This project is an innovative concept for the hierarchical classification of complex textual requirements using Natural Language Processing (NLP) and machine learning techniques. The tool proposes a multi-level analysis structure, combining clustering at primary, secondary, and tertiary levels, supported by an intelligent assistant based on language models (LLMs) for iterative refinement and enriched results.

The project arose from the needs of Educado, a platform dedicated to providing educational content for waste pickers and cooperatives, which faces the challenge of a large volume of technical and social documentation and requirements—making manual organization and interpretation costly and error-prone.

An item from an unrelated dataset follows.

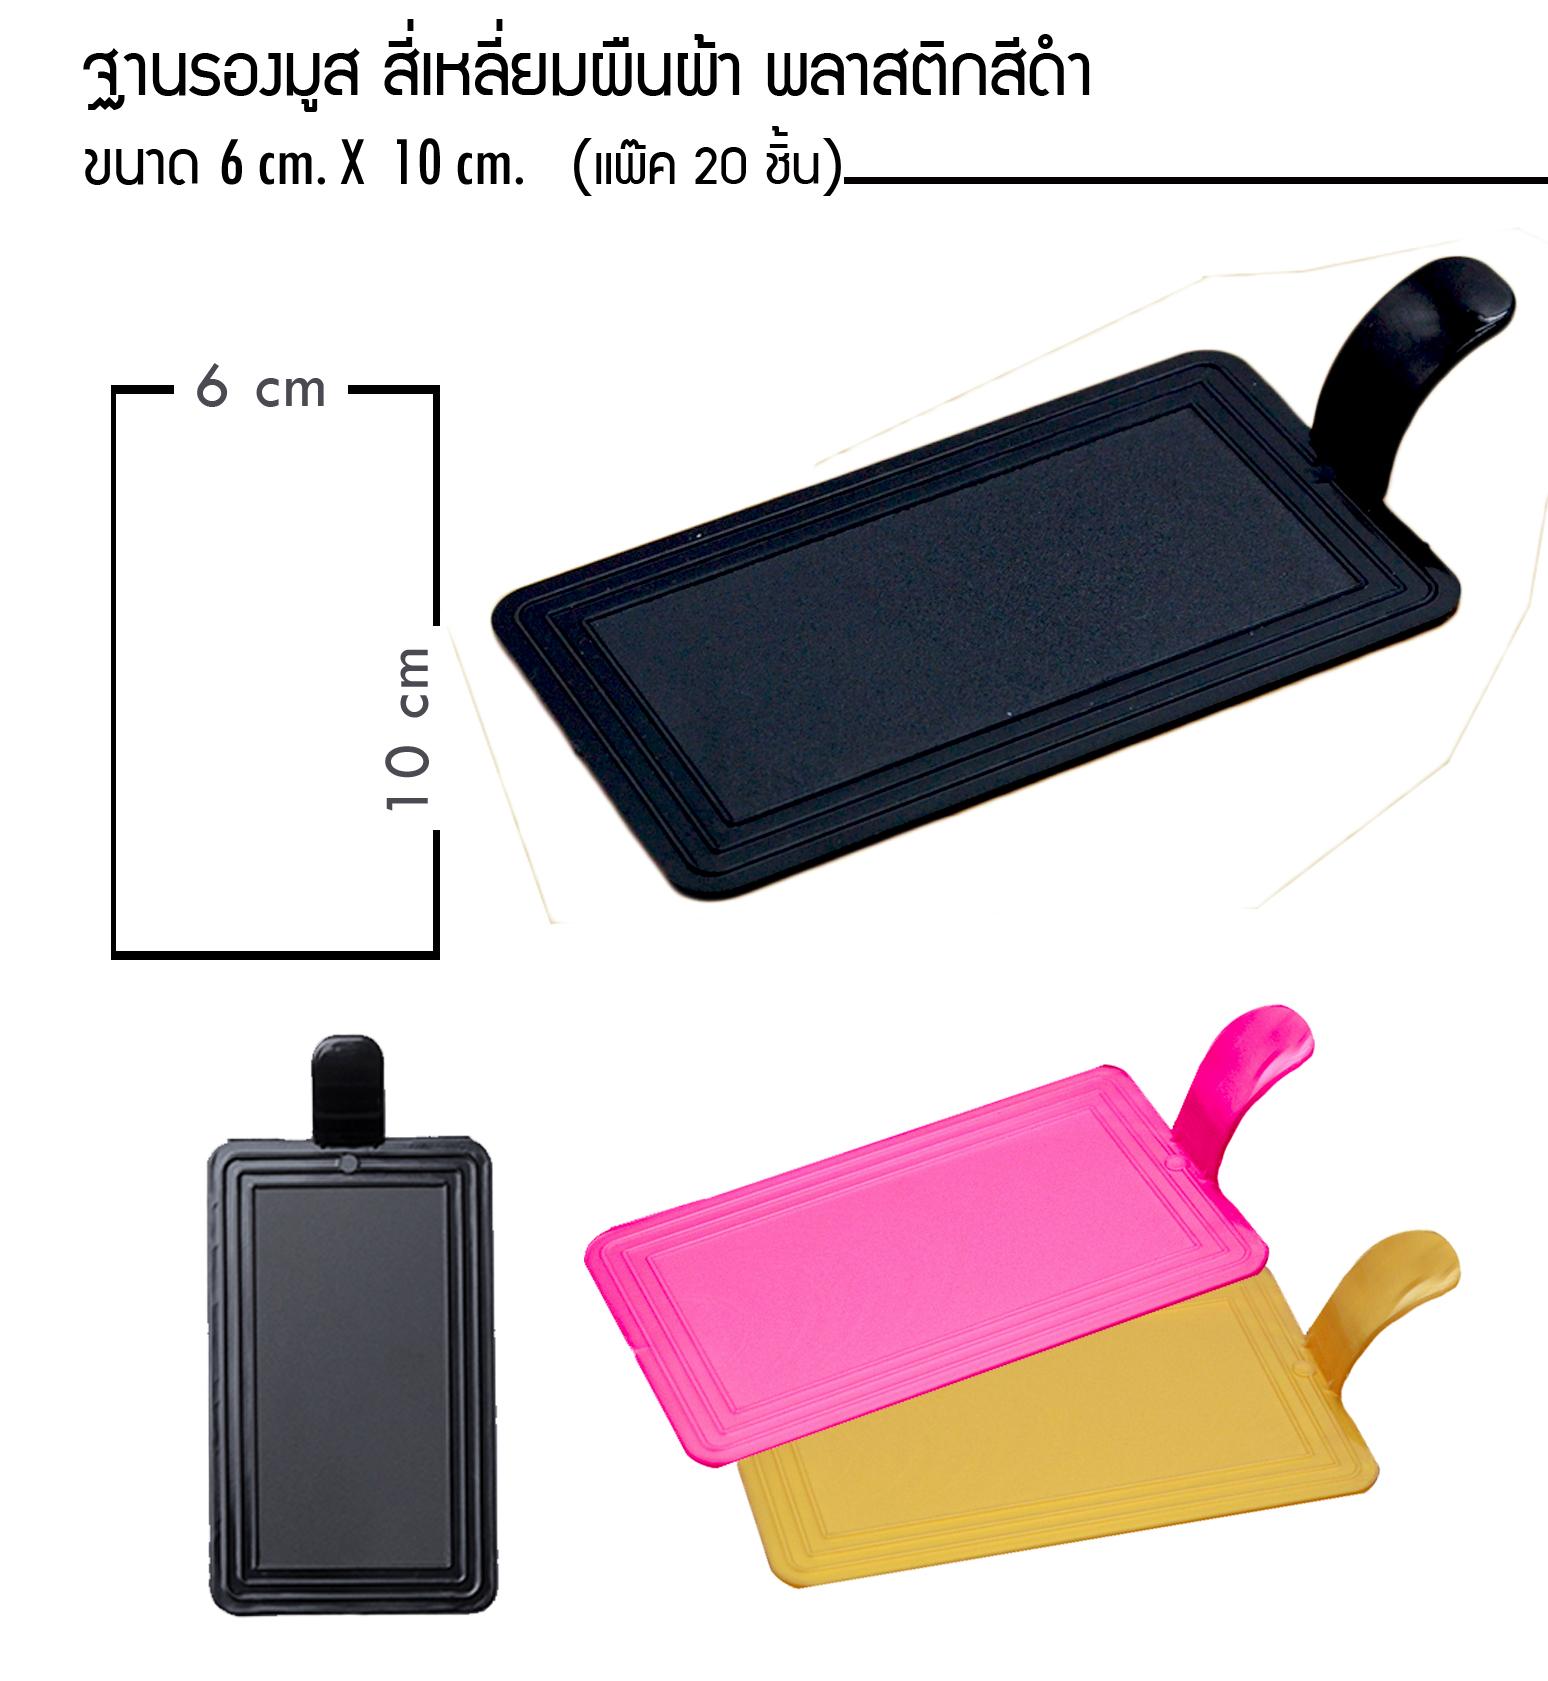 ฐานรองมูส สี่เหลี่ยมผืนผ้า พลาสติกดำ (ขนาด 6 cm X 10 cm ) แพ๊ค 20ชิ้น

The solution aims to facilitate the organization and interpretation of these large volumes of documents and requirements, enhancing analysis through automation and artificial intelligence, and enabling faster and more reliable decision-making in the development and management of the platform.


2. Motivation

The classification of textual requirements in complex projects faces significant challenges due to the heterogeneous, ambiguous, and voluminous nature of the data. Traditional methods, such as manual classification or simple grouping techniques, become insufficient when dealing with large volumes and multiple levels of hierarchy.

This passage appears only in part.